If I can say that I have any regrets at this point in my undergraduate career, they have nothing to do with my choice to pursue majors that I love. Instead, I would consider my two greatest failings to be my inability to find time in my schedule for coursework in creative writing and my early unwillingness to consider any kind of career outside of academia. While the first of these can be easily fixed through the pursuit a continuing education course in creative non-fiction or something else that interests you (and I hope that it has by the time that you read this), the second seems bound to throw a major wrench in our plans, considering that senior year is a bad time to get cold feet about one’s career choice.
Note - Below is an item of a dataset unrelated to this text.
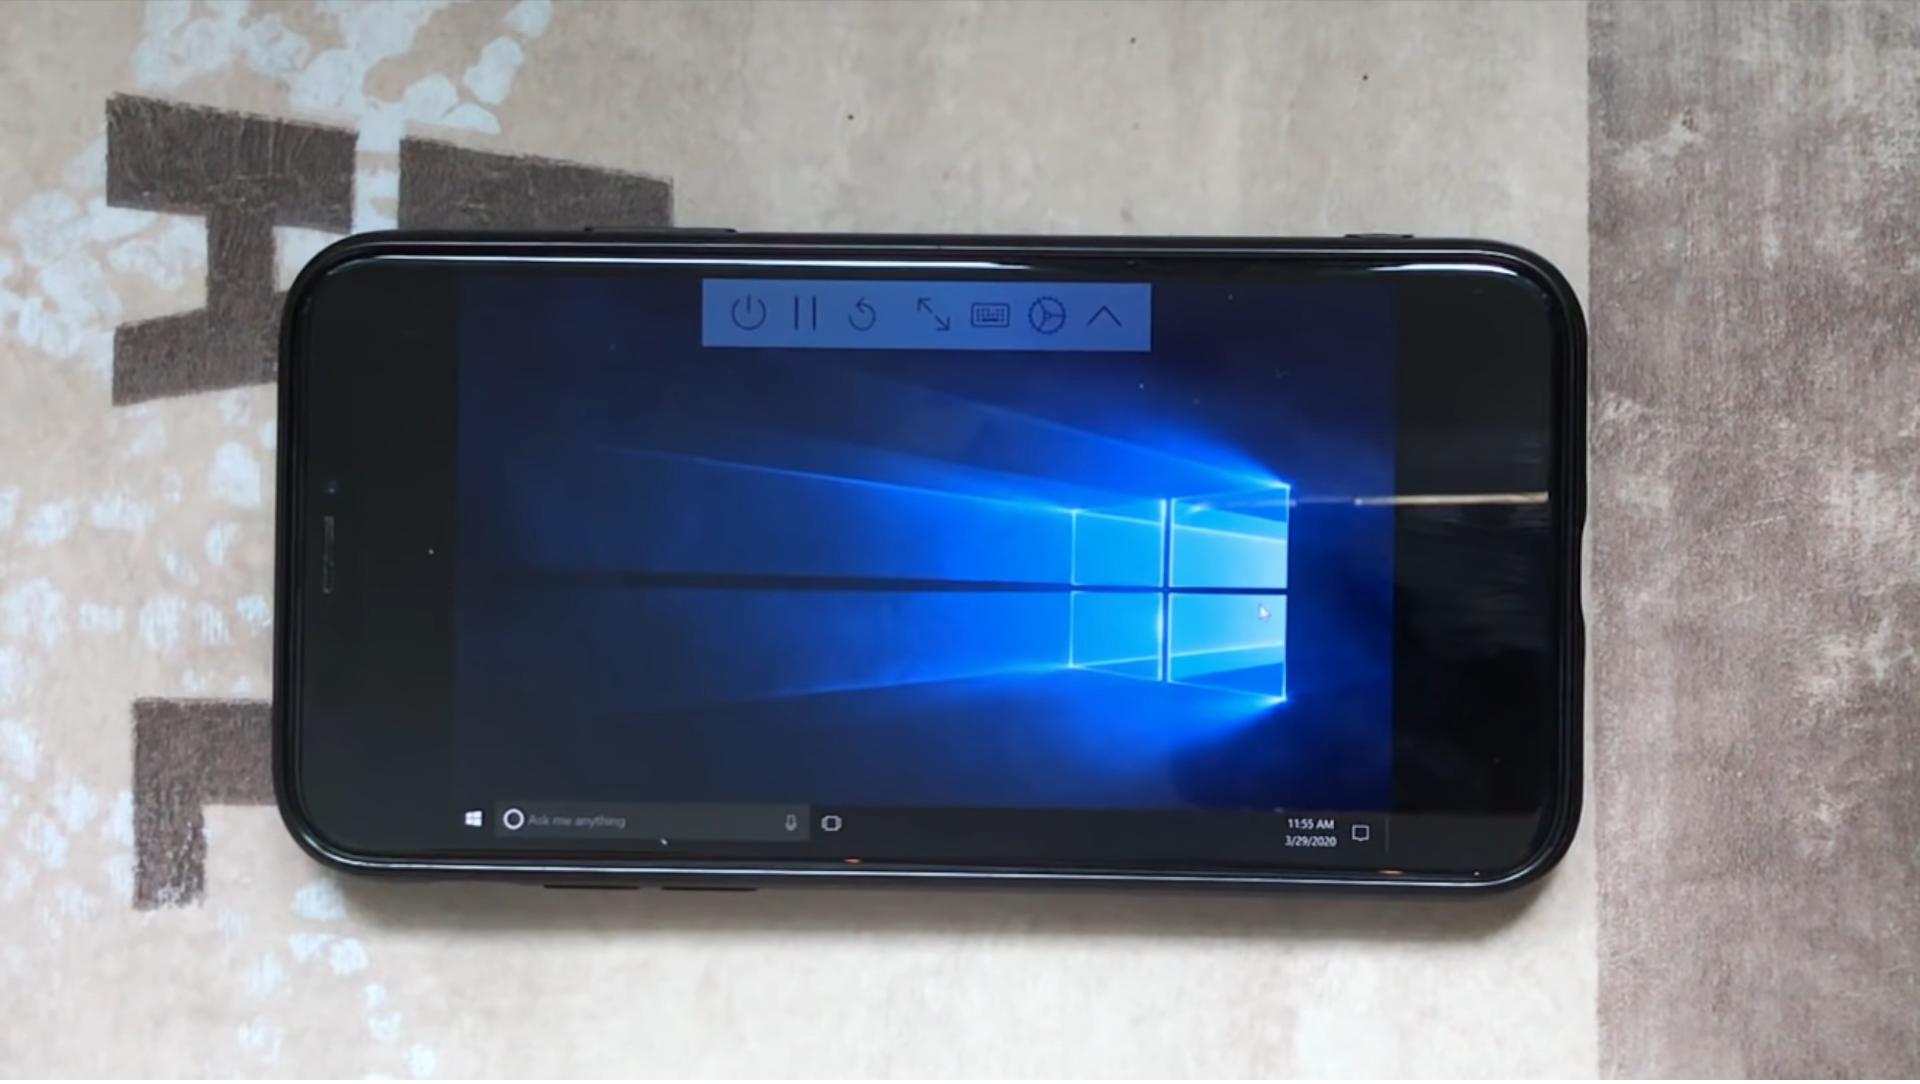 На iPhone X запустили Windows 10 под виртуальной машиной - 1

As I write this, I wonder if you ended up going to graduate school for English or law, if you took coursework in publishing, or if you are somehow still undecided on a permanent career path, having dabbled in many fields, but found satisfaction in none. College is supposed to be a person’s time for dabbling, but I’ve squandered it by insisting that I knew what I wanted for the first three years and balking at the nearness and reality of it in the fourth. This seems not to be the time for uncertainty, but it’s not the time for hard-headed single-mindedness, either. Whatever I end up deciding, I sincerely hope that you have made the best of it.